Back in 2011, Ward talked a New York restaurateur into trying something called casu marzu. It is an sheep's milk cheese produced on the Mediterranean island of Sardinia. Casu marzu is cut open and left outside to age. Flies, as flies do, swarm to the stuff and lay eggs. When the larvae hatch — as larvae do — the maggots start chowing down. (Sometimes, the locals intentionally introduce the larvae.)
Some try to separate maggot from cheese before eating. Some don't. Ward didn't.
"It's incredibly intense," she says. "It's kind of hard to get over the fact, mentally, that you're eating live bugs. I think I would enjoy it if it didn't have live bugs.”
Ward likens the taste to a very strong pecorino — a hard, sheep's milk cheese from Italy — and the aftertaste to nothing she's ever had before. Still, it's an experience she's glad she had. "I just happened to be in the right place with the right cheese spirit at the right time," Ward says.
Backing off the strangeness
For adventurous — but not quite that adventurous — cheese lovers, Thorpe suggests something with a washed rind. The rind is cleansed with salt water. That contributes to a rather hefty attack of bacteria. And that makes the cheese, shall we say, stink.
Still, try it. "The bark is far worse than the bite in these cheeses," Thorpe insists.
The International Dairy Foods Association reports that, on average, every man, woman and macaroni-and-cheese-loving kid in America ate more than 33.7 pounds of cheese in 2013. Cheese.com lists more than 1,750 different cheeses, from 74 different countries.
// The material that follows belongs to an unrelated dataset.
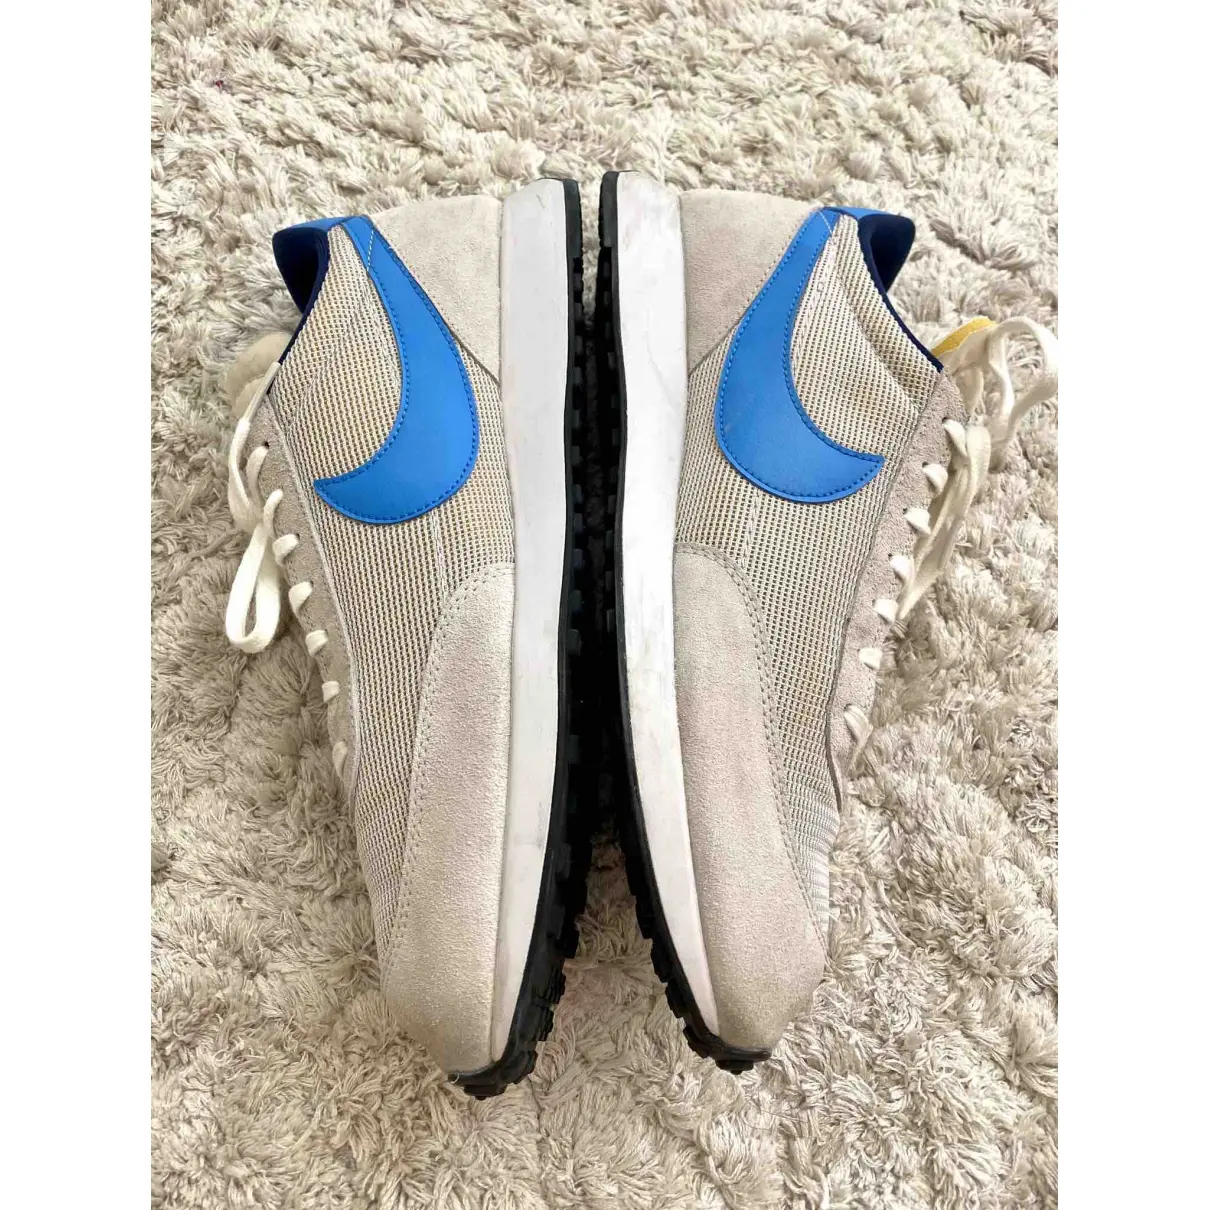 Buy Nike Cloth low trainers online
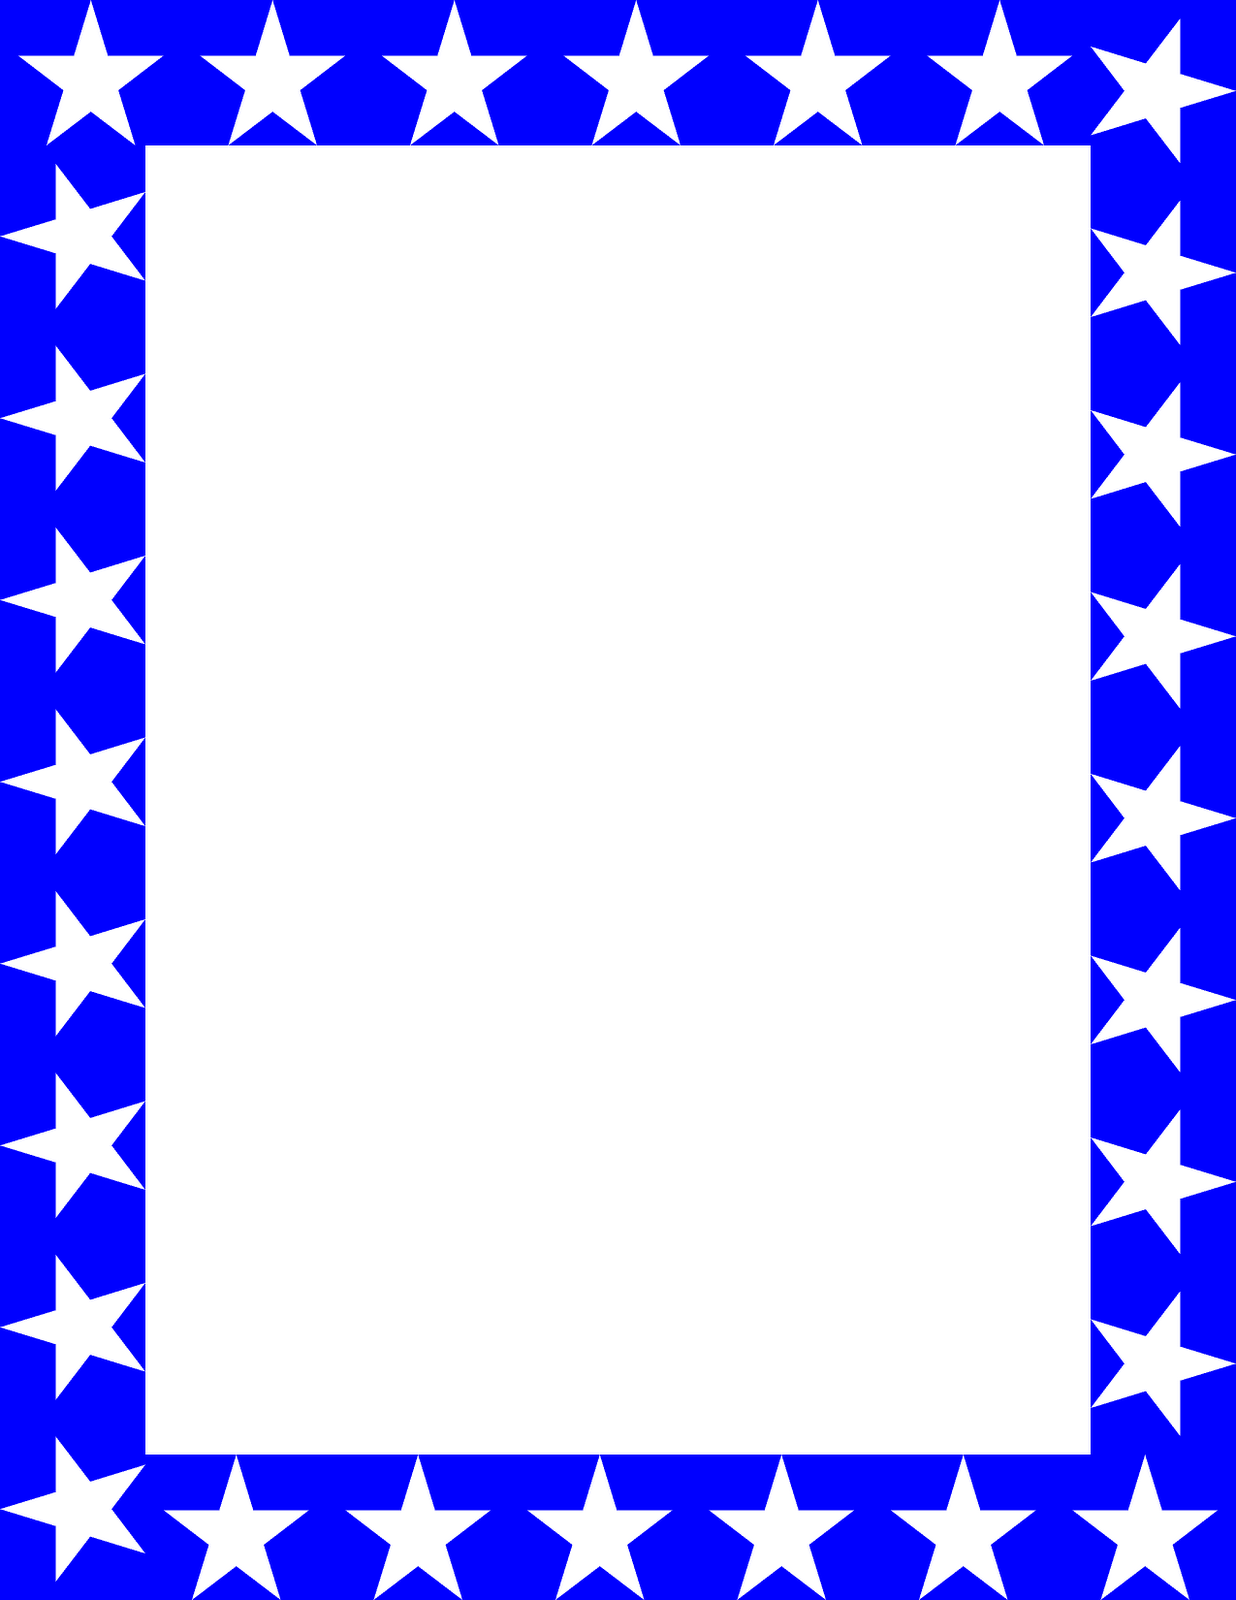 Red white and blue star border clipart

There are countless variations.
So both Ward and Thorpe invite food lovers to try the possibilities. "Maybe not to my extreme," says Ward, who always orders her bagels with extra cream cheese.
The point is, there is plenty of cheese out there be sampled, even if you’re not into mites or maggots or cheese that smells like the inside of a sweaty sneaker.
You just have to be willing to fall in love.